### GIVEN INFORMATION
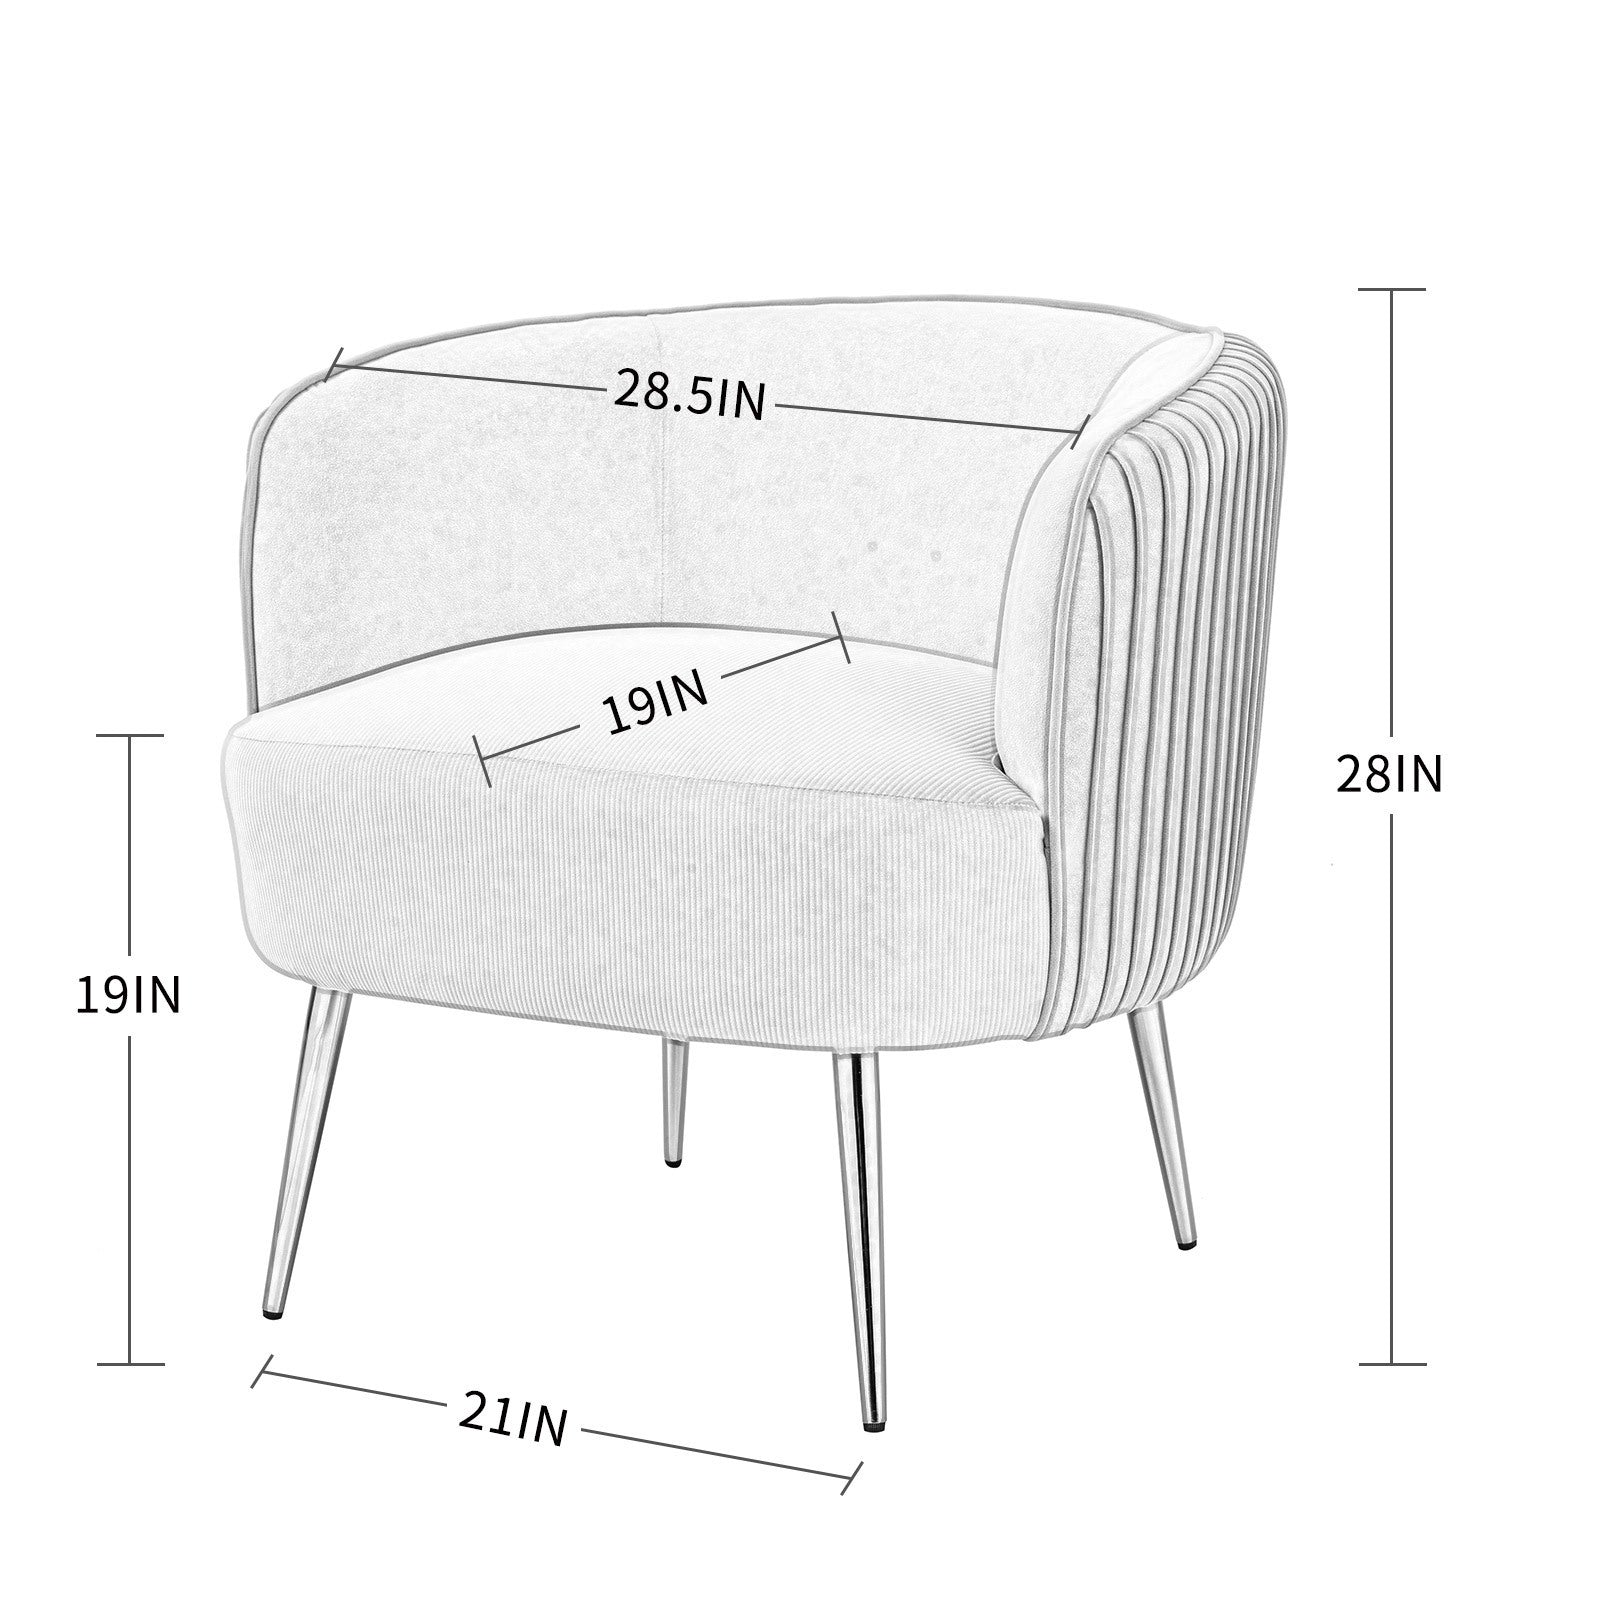 Velvet Accent Upholstered Chair (Green)
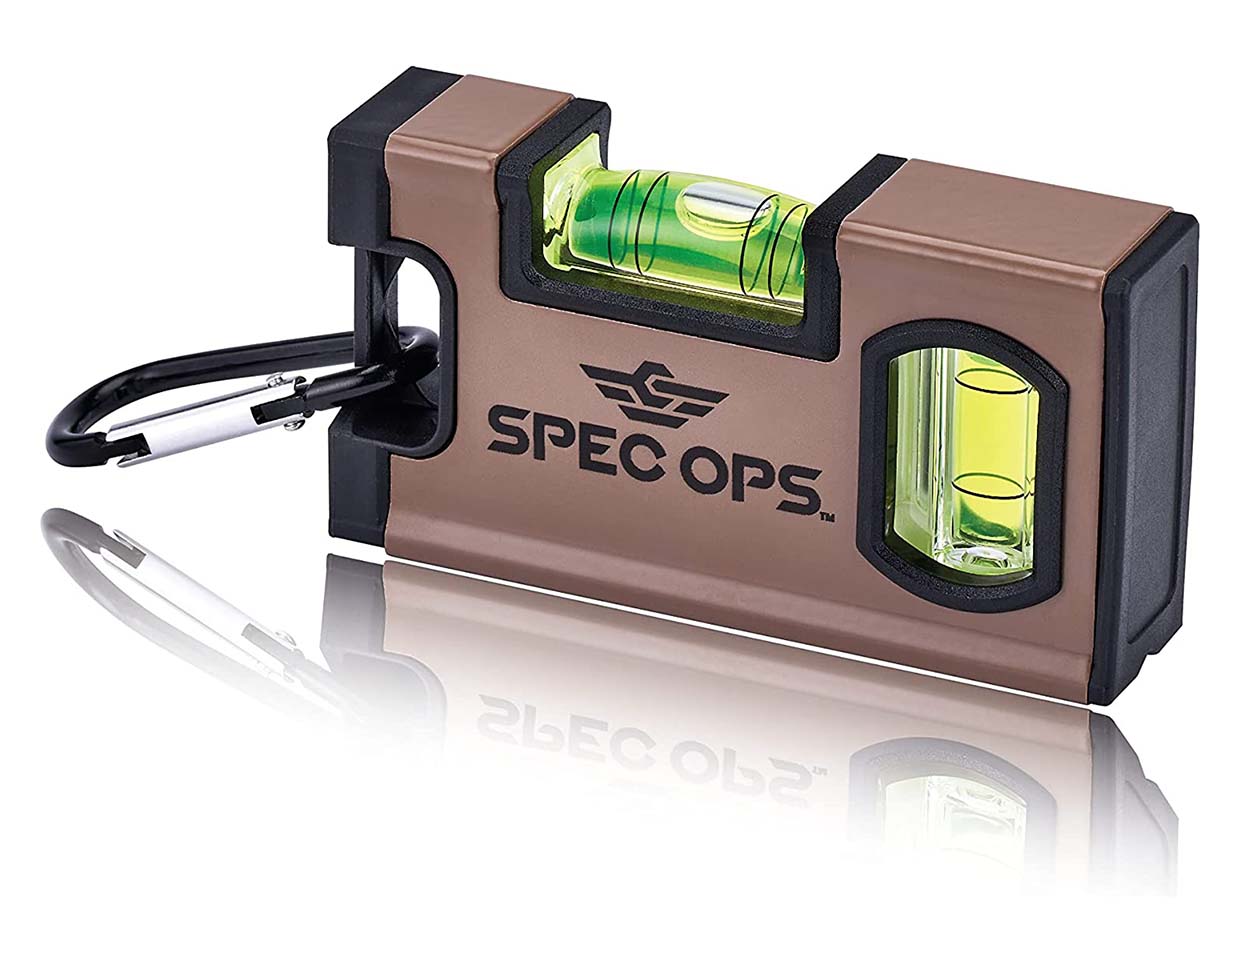 Spec Ops Pocket Level
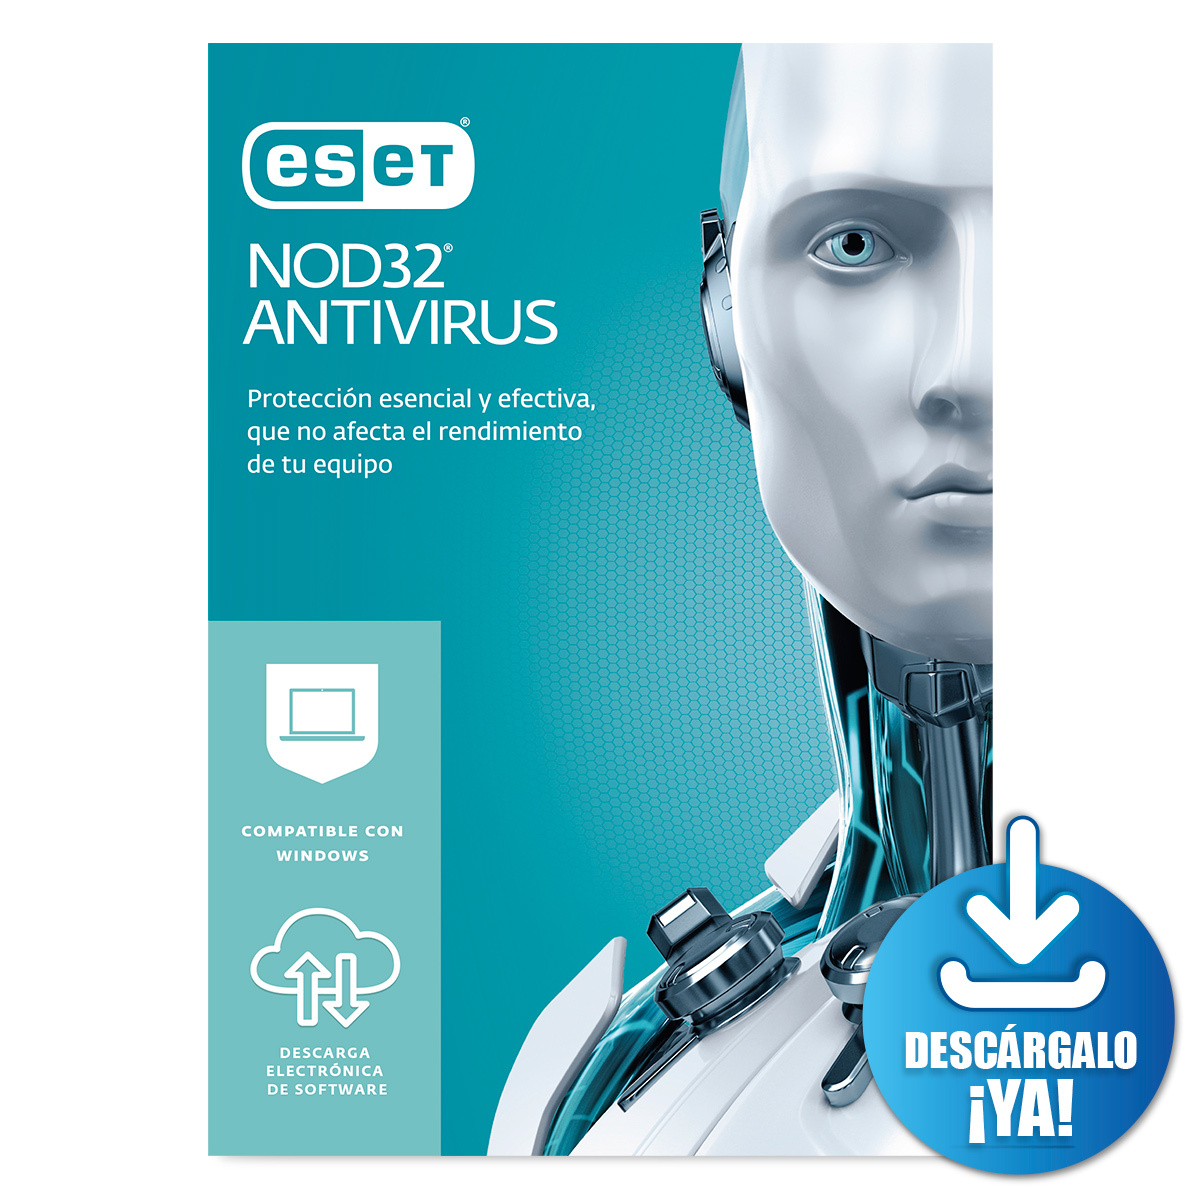 Antivirus ESET Nod32 Descargable / Licencia 2 años / 2 dispositivos / PC / Laptop

### WHAT IS REQUIRED
All of the data above should be transcribed verbatim, with pictures omitted.

### SOLUTION FOR THIS TASK
 Velvet Accent Upholstered Chair (Green)
 Spec Ops Pocket Level
 Antivirus ESET Nod32 Descargable / Licencia 2 años / 2 dispositivos / PC / Laptop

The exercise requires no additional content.